Velvet Was the Night
Author: Silvia Moreno-Garcia
Genre: Historical Fiction
Publication Date: August 17, 2021
Publisher: Del Rey
Thank you to NetGalley for providing me with an ARC of this book. I am offering my honest opinion voluntarily.
CONTENT WARNING: profanity, gun violence, blood, violence, torture, murder
From the New York Times bestselling author of Mexican Gothic comes a “delicious, twisted treat for lovers of noir” about a daydreaming secretary, a lonesome enforcer, and the mystery of a missing woman they’re both desperate to find.
1970s, Mexico City. Maite is a secretary who lives for one thing: the latest issue of Secret Romance. While student protests and political unrest consume the city, Maite escapes into stories of passion and danger.
Her next-door neighbor, Leonora, a beautiful art student, seems to live a life of intrigue and romance that Maite envies. When Leonora disappears under suspicious circumstances, Maite finds herself searching for the missing woman—and journeying deeper into Leonora’s secret life of student radicals and dissidents.
Meanwhile, someone else is also looking for Leonora at the behest of his boss, a shadowy figure who commands goon squads dedicated to squashing political activists. Elvis is an eccentric criminal who longs to escape his own life: He loathes violence and loves old movies and rock ’n’ roll. But as Elvis searches for the missing woman, he comes to observe Maite from a distance—and grows more and more obsessed with this woman who shares his love of music and the unspoken loneliness of his heart.
Now as Maite and Elvis come closer to discovering the truth behind Leonora’s disappearance, they can no longer escape the danger that threatens to consume their lives, with hitmen, government agents, and Russian spies all aiming to protect Leonora’s secrets—at gunpoint.
Velvet Was the Night is an edgy, simmering historical novel for lovers of smoky noirs and anti-heroes.
Silvia Moreno-Garcia has been an author on the tip of everyone’s tongue, and this story sounded absolutely irresistible. Even though it’s noir, which isn’t a genre I’m at all familiar with, the cover and description won me over before I ever read the first page. And I was right about it—it’s a fabulous book.

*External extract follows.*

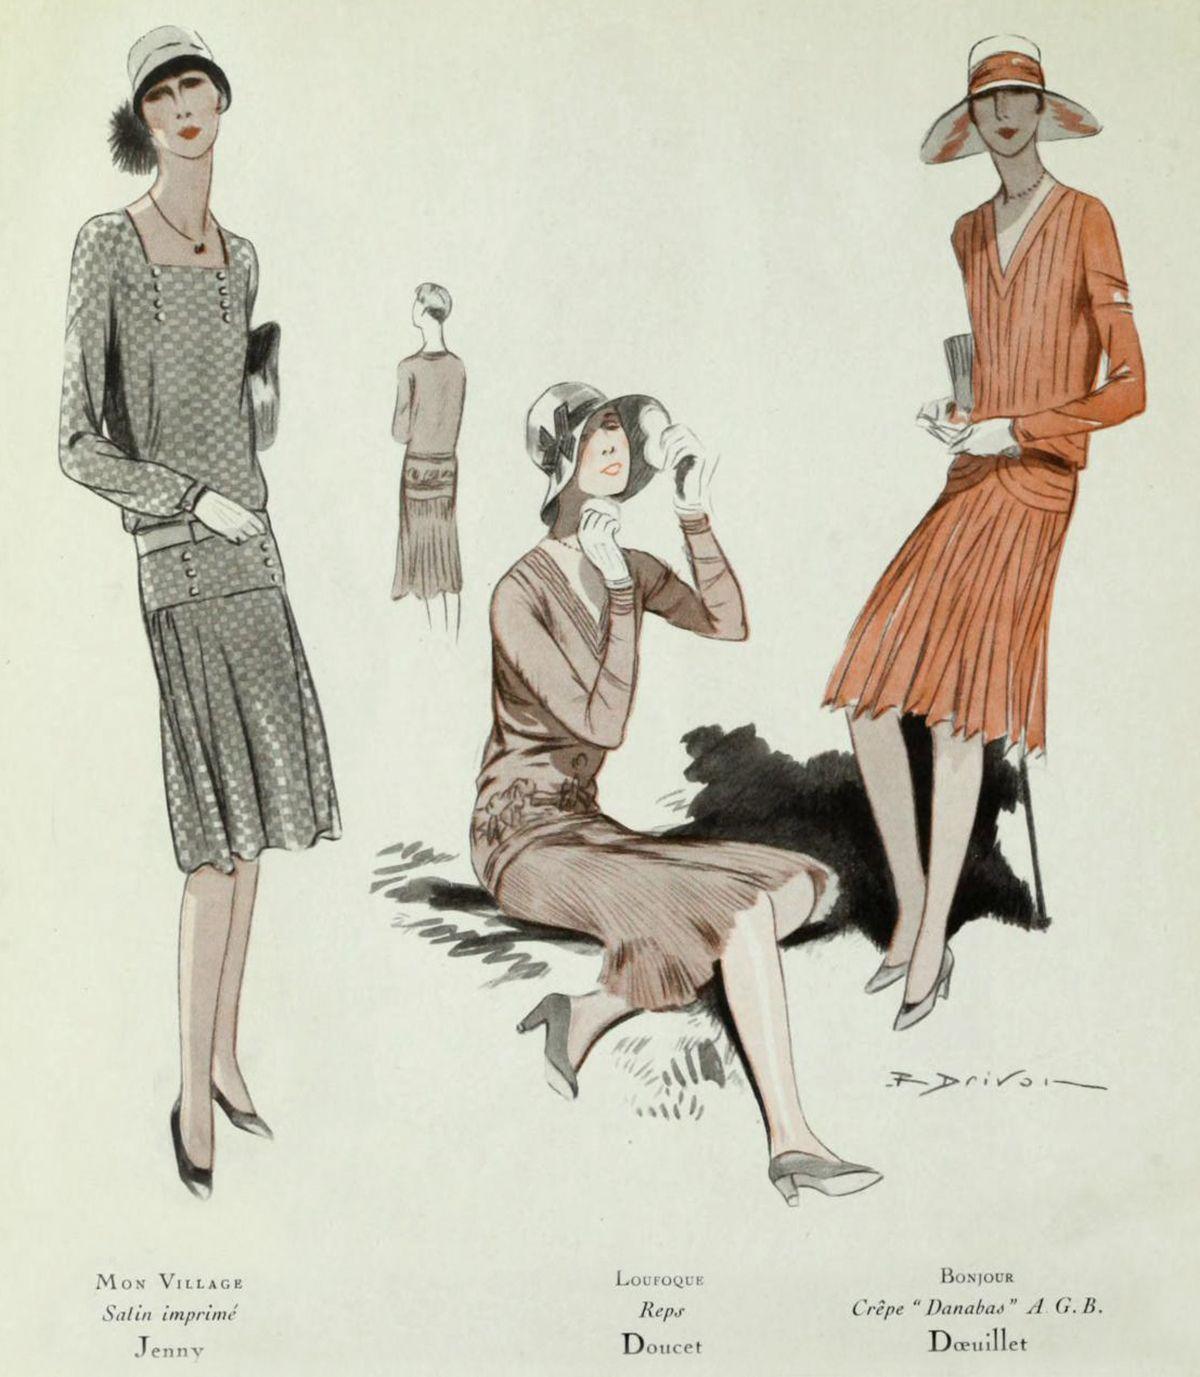 1920s Fashion - Paris 1928 - Jenny, Doucet and Doeuillet

Moreno-Garcia really takes her time with this story, painting a vivid picture of Mexico City in the 1970s; the neighborhoods, the political climate, and overall society. The story is slow-paced, atmospheric, and lush, developing at a leisurely pace without ever dragging or feeling rushed. It allows a range of characters to be slowly introduced, and each of them serves a purpose, even the side characters.
The story is told from the POV of two MCs, Elvis and Maite, who actually have quite a lot in common, least of which is their moral gray-ness. Neither of them is happy with how their lives have turned out, and they want more than anything to change, but aren’t really sure how to go about that. However, their actual lives are both quite different, even if their personalities are somewhat similar. Their paths intersect when they both get involved in finding a lost woman—Elvis because his boss puts him on the job, and Maite because she’s neighbors with the woman and just wants to stop looking after her cat.
While the story is a smooth, slow-paced read, I couldn’t put it down and read it quite quickly. I was always surprised with how things went, and there were quite a few plot twists that I didn’t see coming, although I felt incredibly proud of myself for sort-of figuring out a major reveal beforehand. Seeing the two POVs getting closer and closer to intersecting was exciting, and I loved reading this book. The way that music was interwoven through both of the POVs was intriguing, and the writing was smooth, beautiful, and carried an air of romance. I’m definitely planning to check out more of SMG’s work, and soon.
People who have sat around with me while I’m reading, especially when there’s a surprising reveal, a shocking plot twist, or an unexpected event often look up in alarm when I gasp audibly. The gasp factor is directly related to the number of times I audibly gasp during a reading, and there isn’t an upper limit.